In the run-up to the United State Presidential Election 2016, Taoiseach (Ireland's Prime Minister) Enda Kenny accused the Republican nominee Donald Trump of racism on the floor of the Irish parliament (the Dail). He now says he doesn’t regret it, despite being one of the first global leaders to speak with the President-elect following his victory.

Until the end of May of last year, Kenny had taken a largely conciliatory approach to Trump’s controversial campaign and divisive remarks, telling RTE that Trump had made “provocative remarks,” but that some of them had been “rowed back on.”

However, on May 31, when pressed by Fianna Fáil leader Micheal Martin and Anti-Austerity People Before Profit’s Richard Boyd Barrett during a Dáil (Irish parliament) session about the Irish government’s intentions should Trump be elected president, Kenny took a harder stance.

“Mr. Trump has talked about wiping people out across the Middle East and massively escalating US military action in that region,” Boyd Barrett said.

“Whatever about the previous differences between the Taoiseach and I on this issue, is he seriously going to tell the House that if Donald Trump was President of the United States, the Taoiseach would carry on with the policy of facilitating the US military at Shannon Airport?

“If the Taoiseach did that, it would beggar belief because everybody recognizes what a dangerous man Donald Trump is.”

Kenny initially declined to comment, calling the topic of the next US president a “matter for the American people.”

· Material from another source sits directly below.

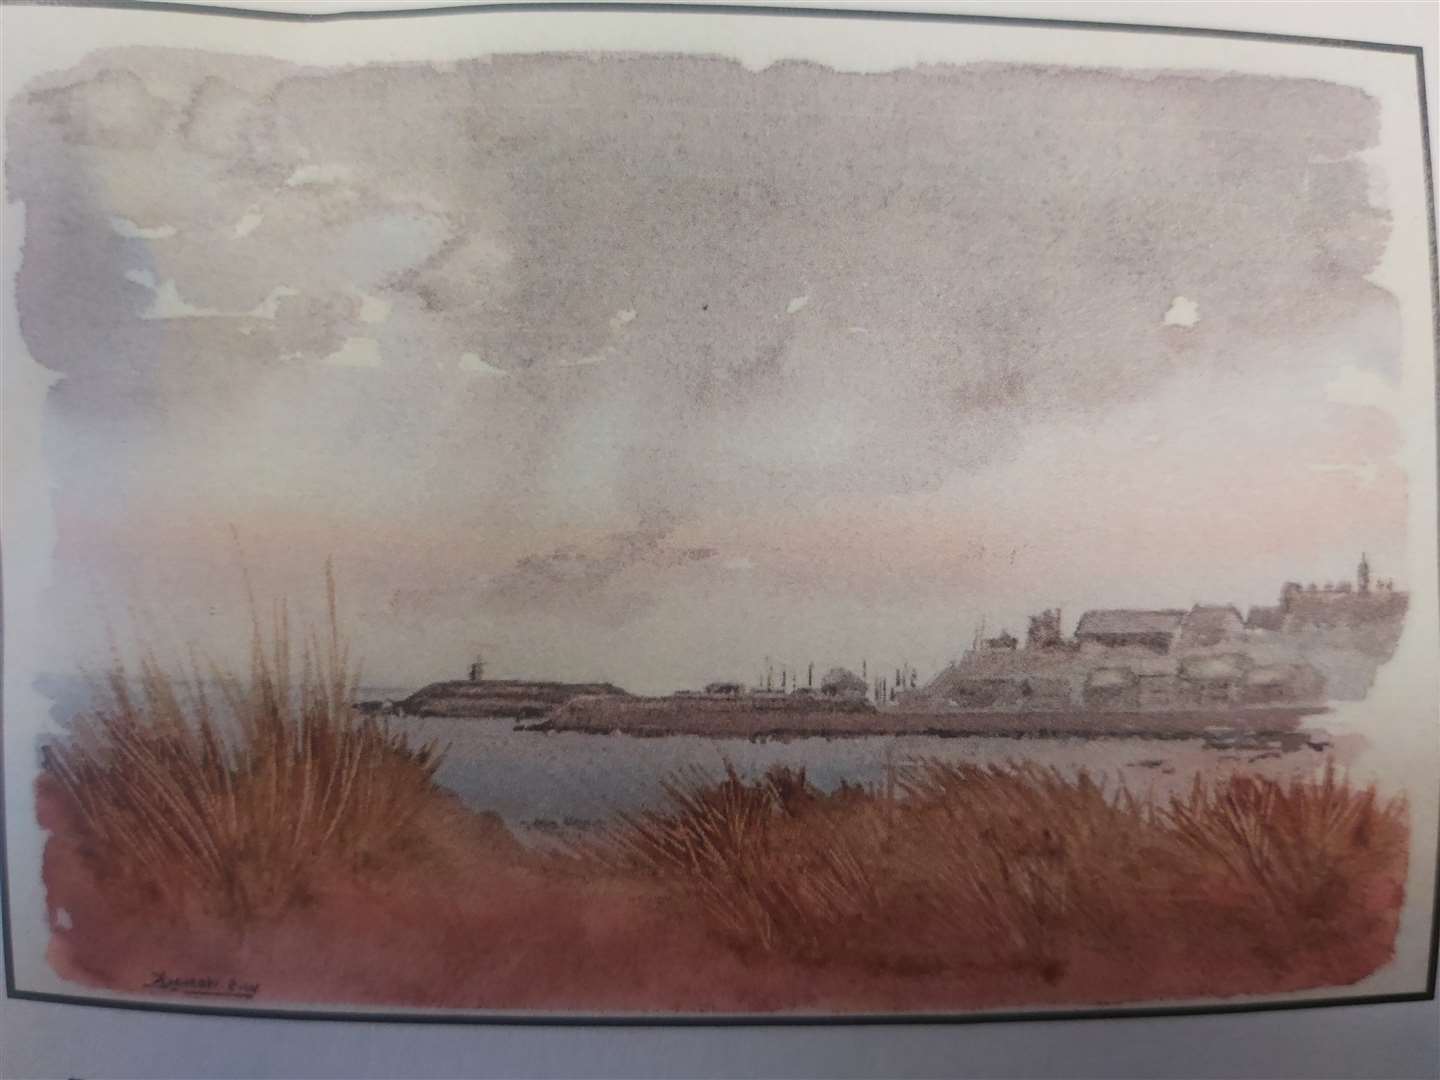 One of Dr Bill Hossack's watercolours which will be on sale this weekend.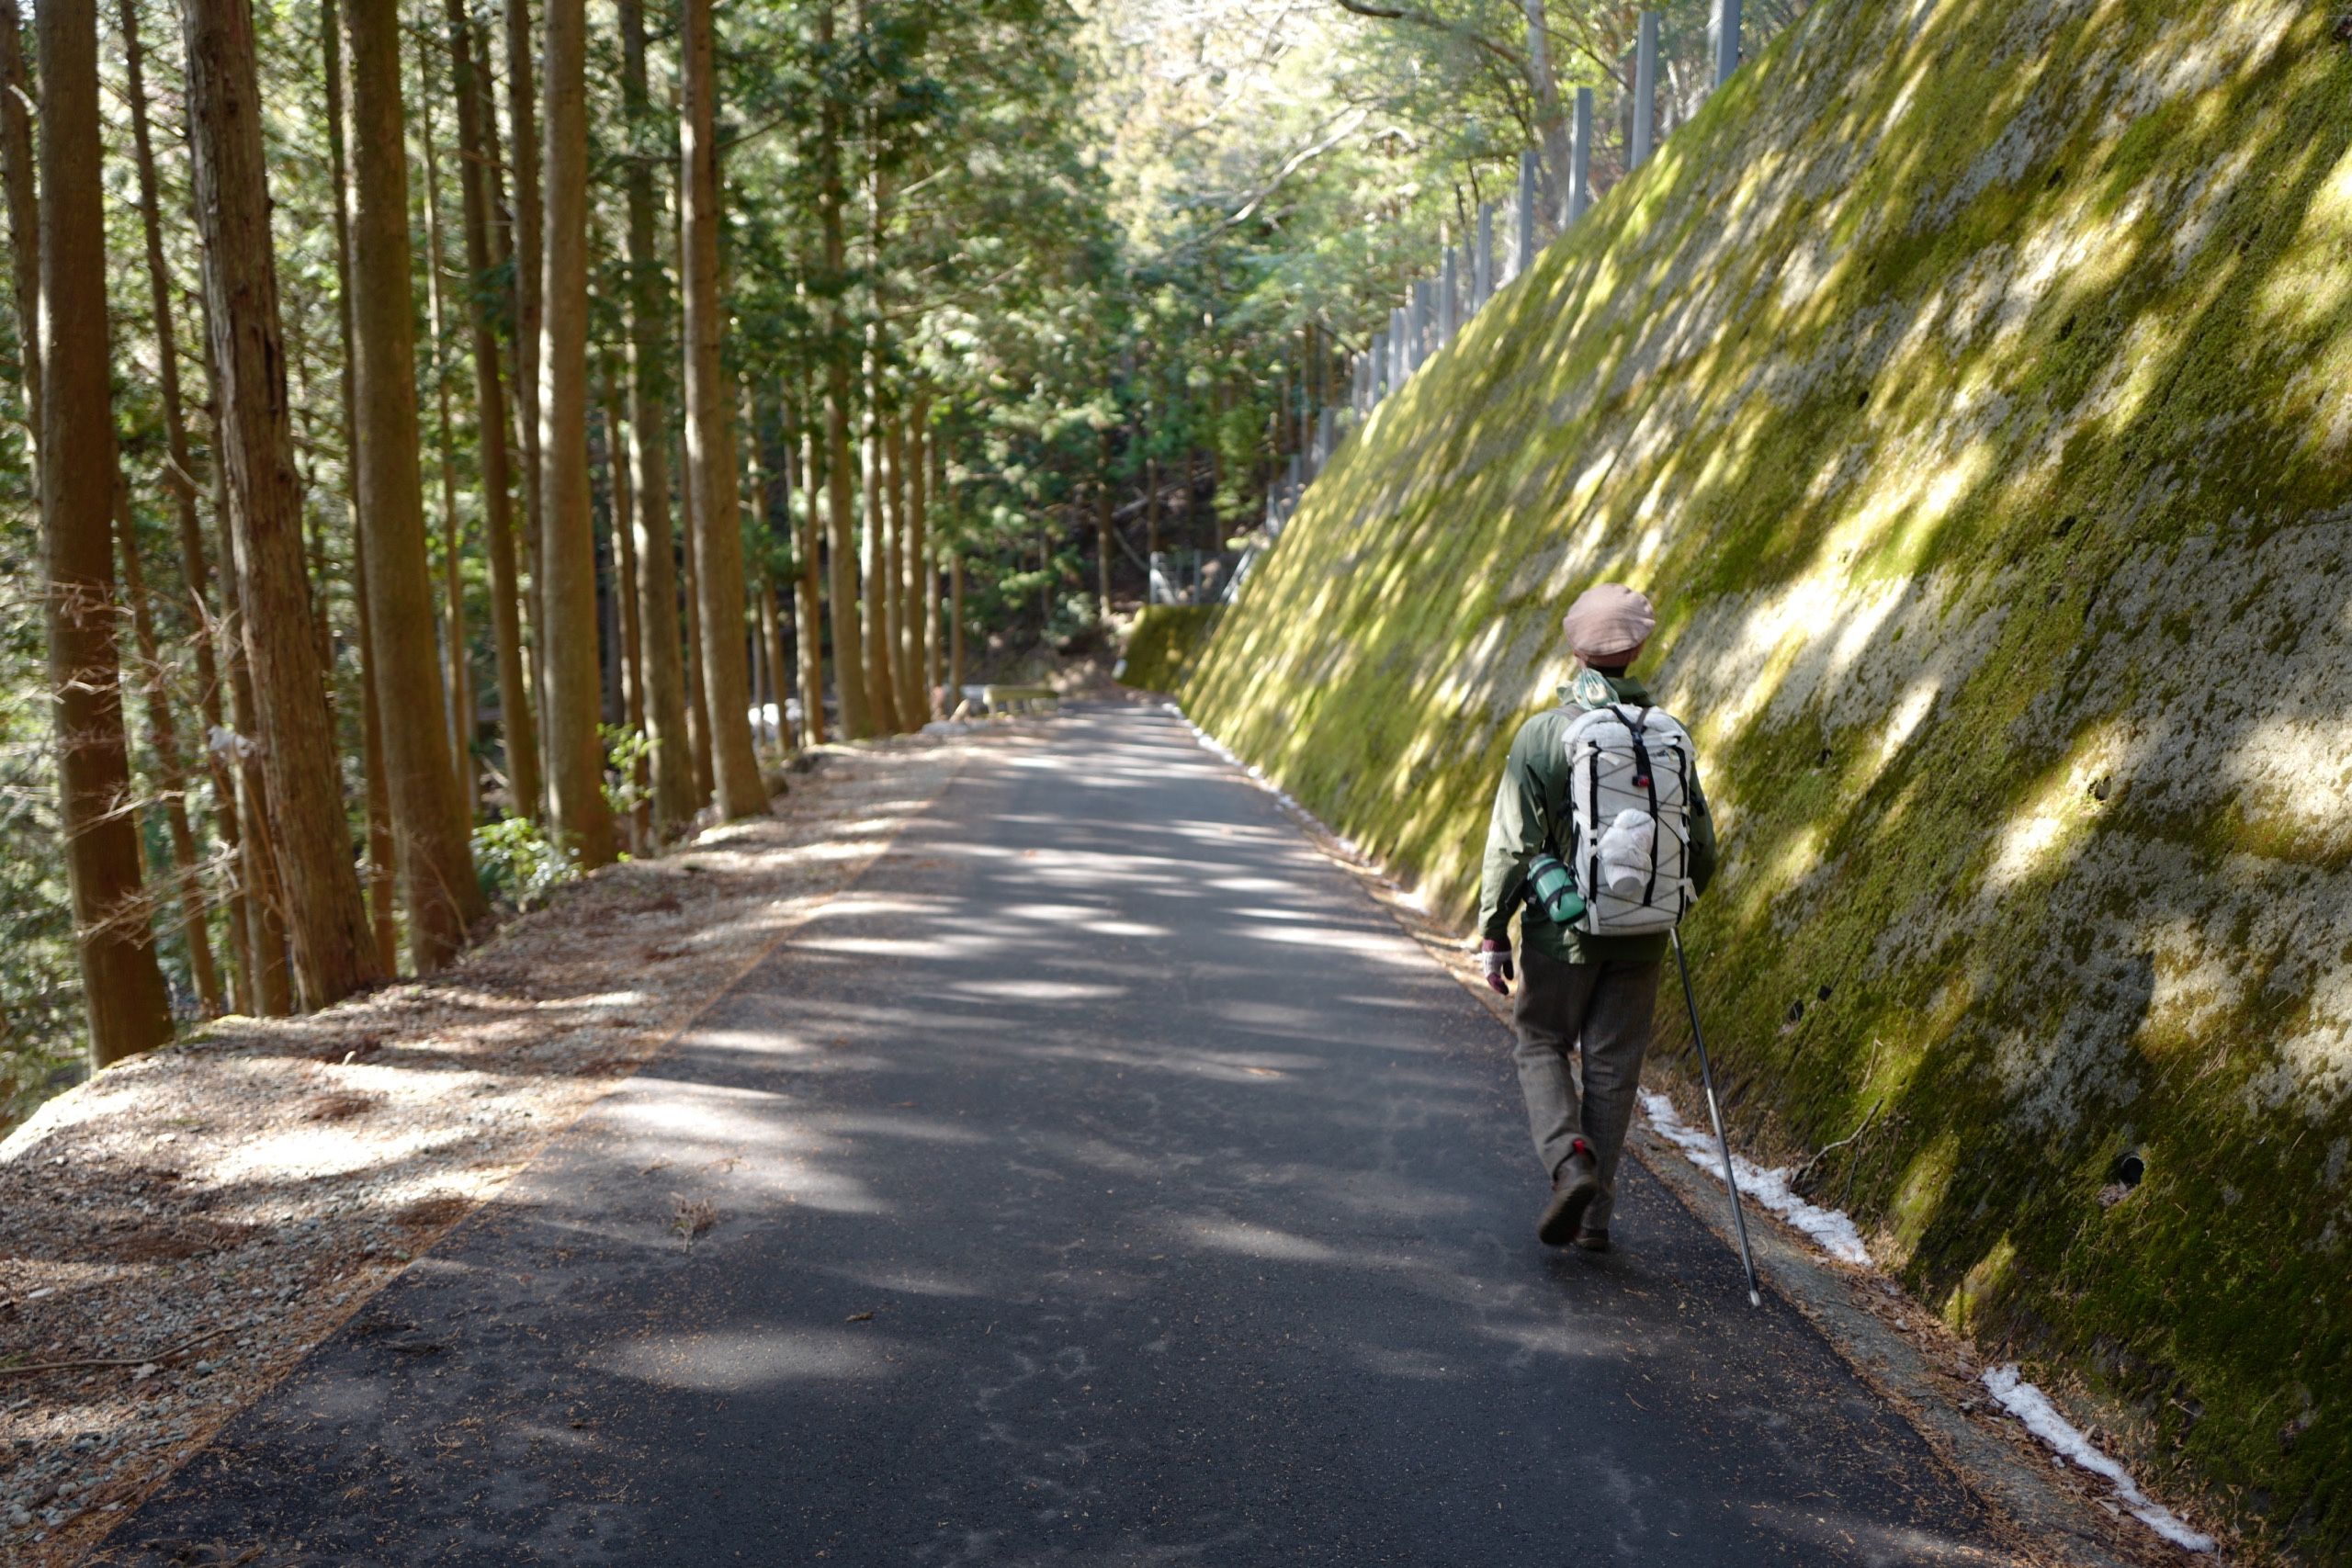 A man with a white rucksack, the author, walks down a mountain road in a cedar forest.

Eventually, he concluded, “If Trump’s comments are racist and dangerous, which they are, there is an alternative to vote for.”

Asked now if he regrets those remarks, Kenny said he did not.

"I don't. I made my comment in the Dáil on comments that had been made by the then candidate," he said, according to

"I've since spoken to the President-Elect and we've agreed Ireland will continue to work with the in-coming administration in the interests of Ireland and the United States," he added.

Indeed, despite his past words on Trump, Kenny left some other European leaders green with envy when he became the first to speak with Donald Trump following his election win.

During the ten minute call with Kenny, Trump praised the decisions taken by Kenny's government on the Irish economy and confirmed that the US would continue to work with Ireland and would continue the St. Patrick’s Day tradition of inviting the Taoiseach to the White House.

“I had a very good conversation with the president-elect,” Kenny said at the time.

“He understands Ireland very well. He was complimentary about the decisions made about the economy here. He is looking forward to doing business with Ireland and I asked him specifically about Patrick’s Day, he is looking forward to continuing that tradition over many years.”